(Work item): Give the listing again exactly, omitting its images.

(Material provided):
########################################
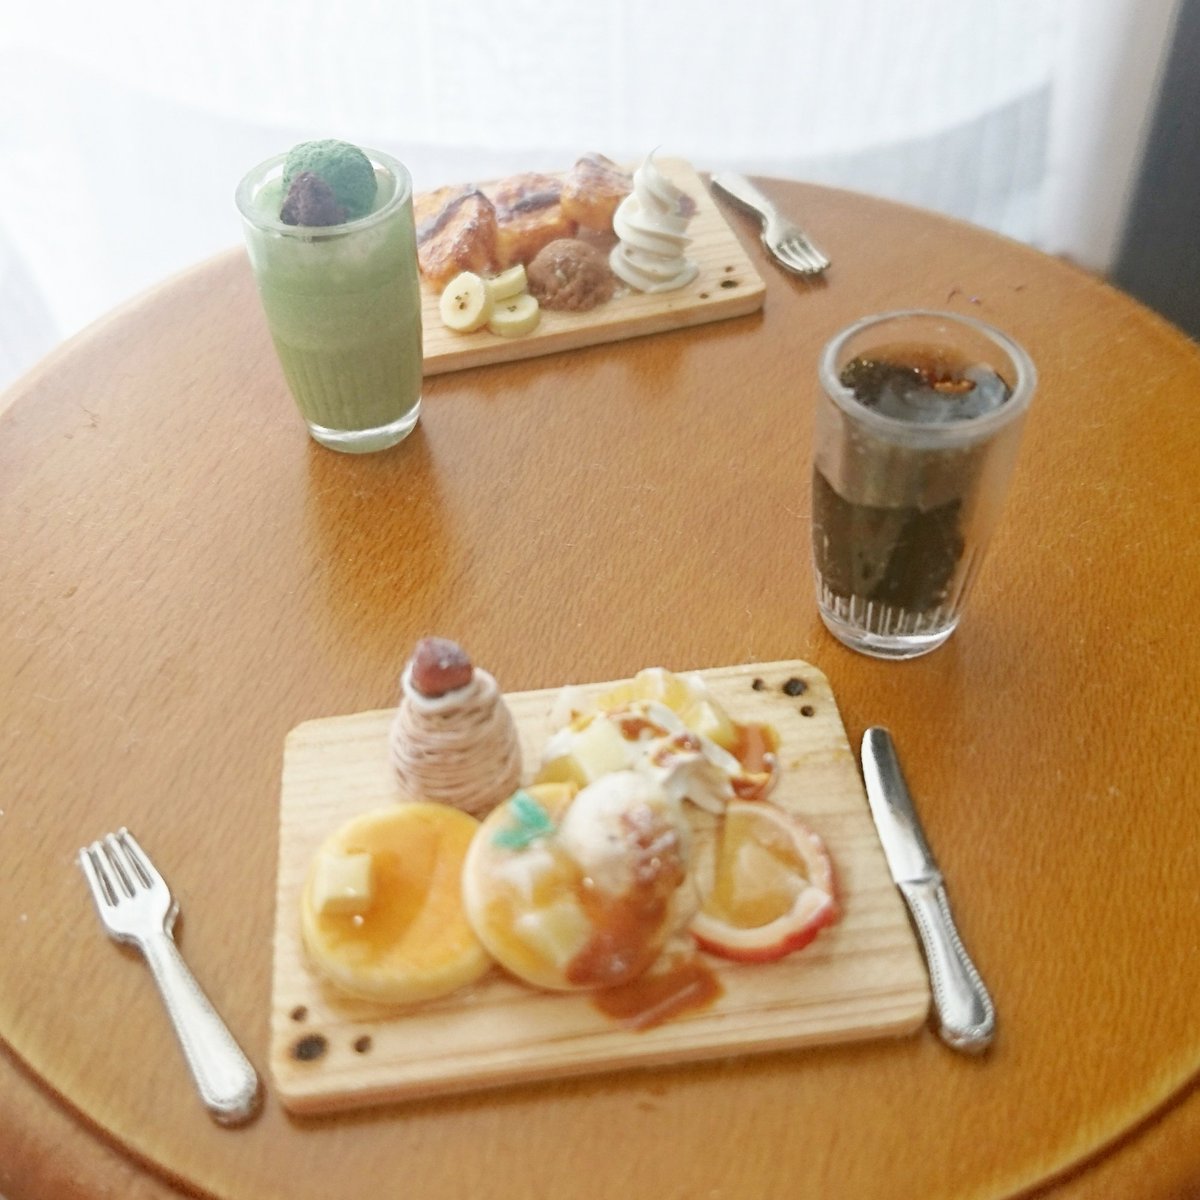 Misaki Miniature A Twitter ミニチュアのパンケーキとフレンチトーストです Abcクラフトのフェイクスイーツマルシェで展示していただいております フェイクスイーツ フェイクスイーツマルシェ ミニチュアフード パンケーキ フレンチトースト
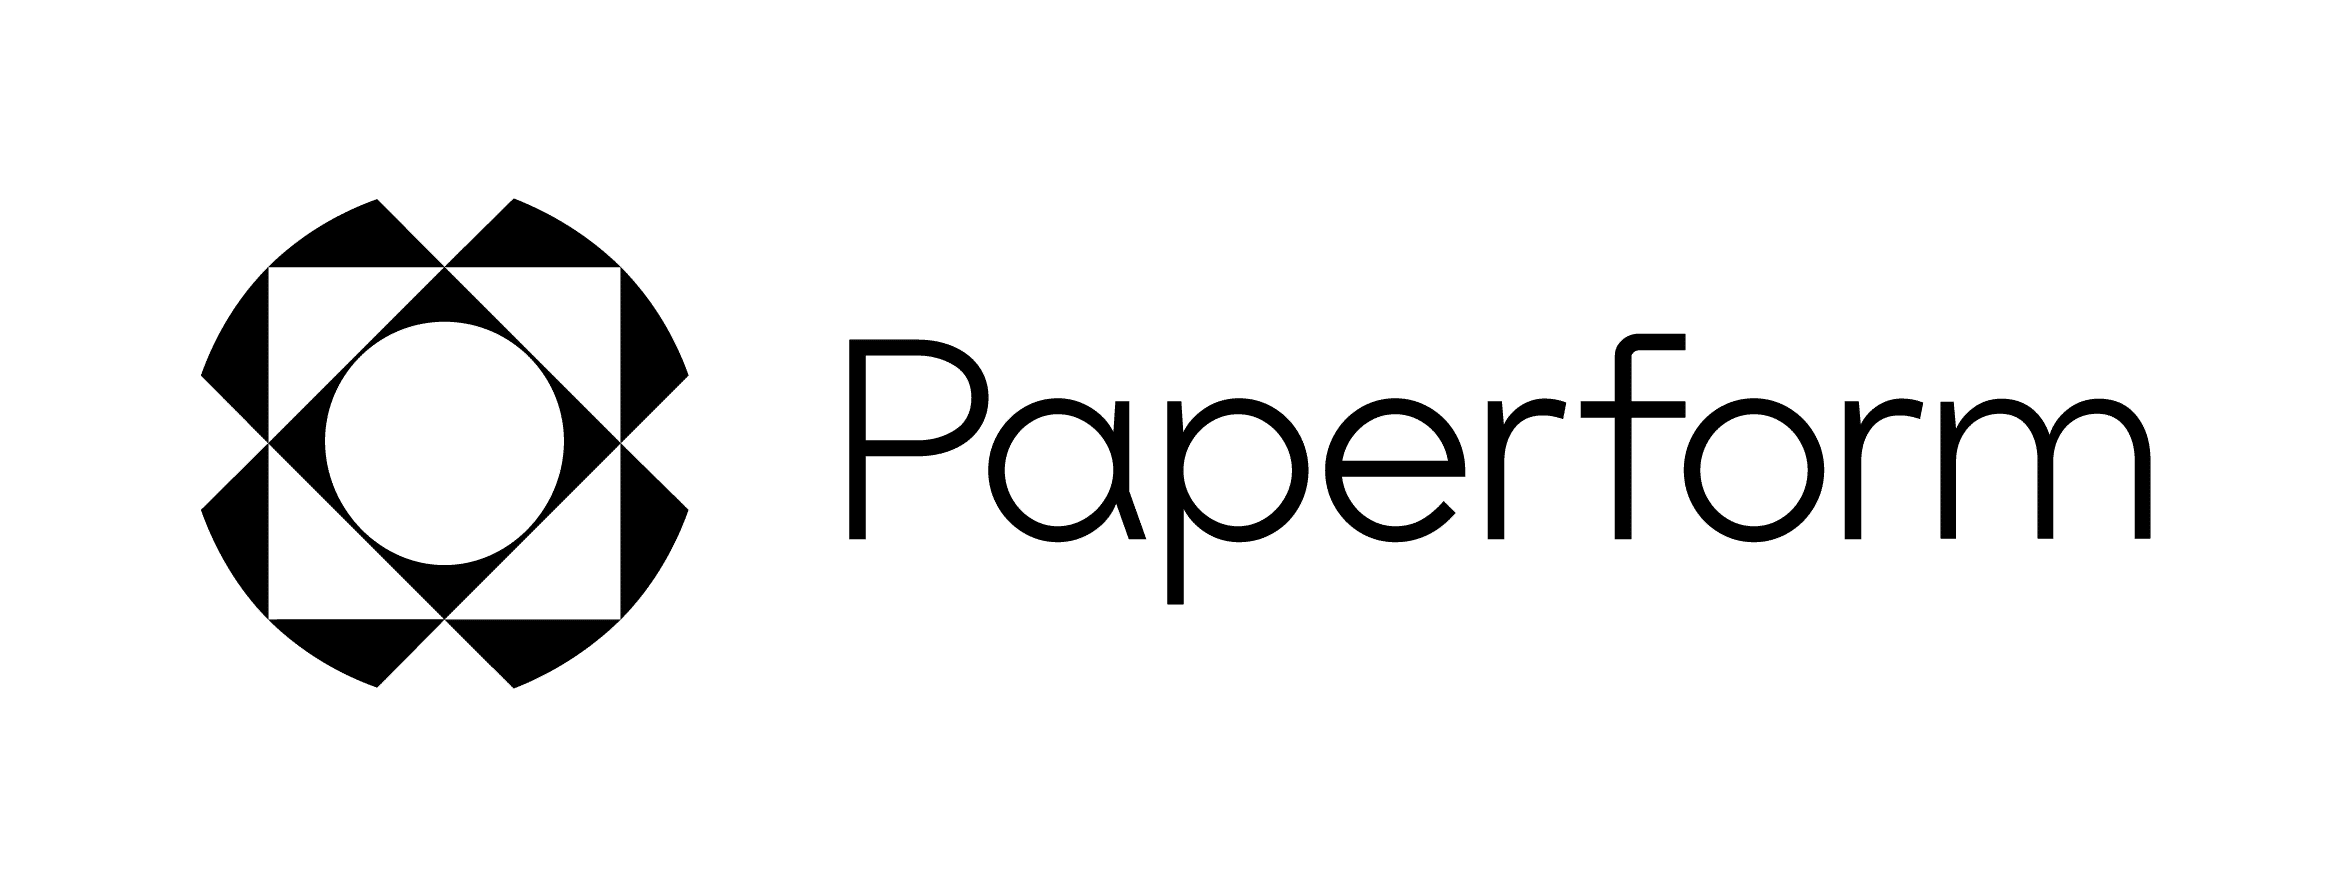 Paperform - Online Form Builder Software
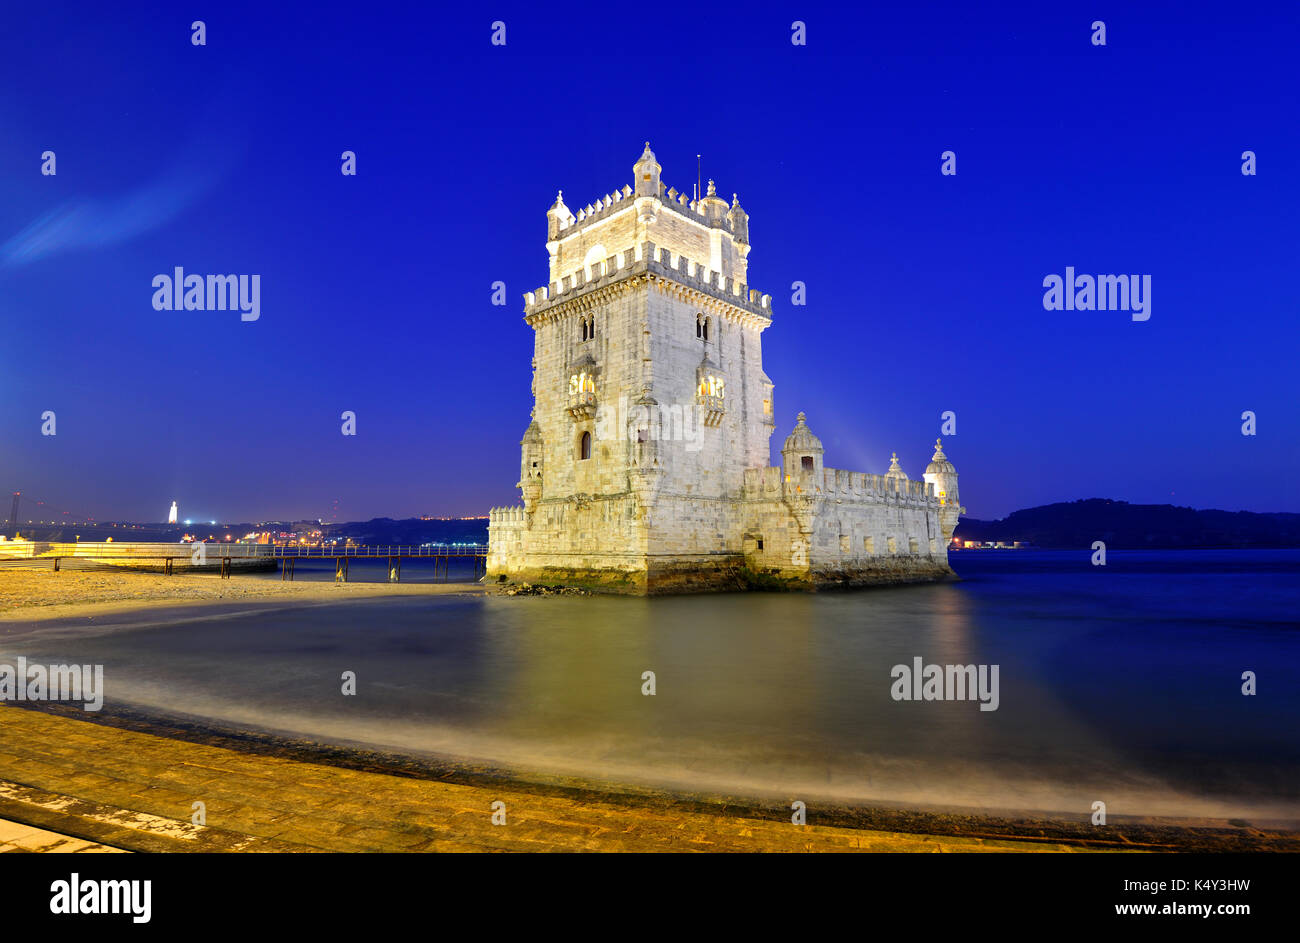 Torre de Belém (Belém Tower), a UNESCO World Heritage Site built in the 16th century, Lisbon, Portugal Stock Photo
########################################
(Response to this task):
 Misaki Miniature A Twitter ミニチュアのパンケーキとフレンチトーストです Abcクラフトのフェイクスイーツマルシェで展示していただいております フェイクスイーツ フェイクスイーツマルシェ ミニチュアフード パンケーキ フレンチトースト
 Paperform - Online Form Builder Software
 Torre de Belém (Belém Tower), a UNESCO World Heritage Site built in the 16th century, Lisbon, Portugal Stock Photo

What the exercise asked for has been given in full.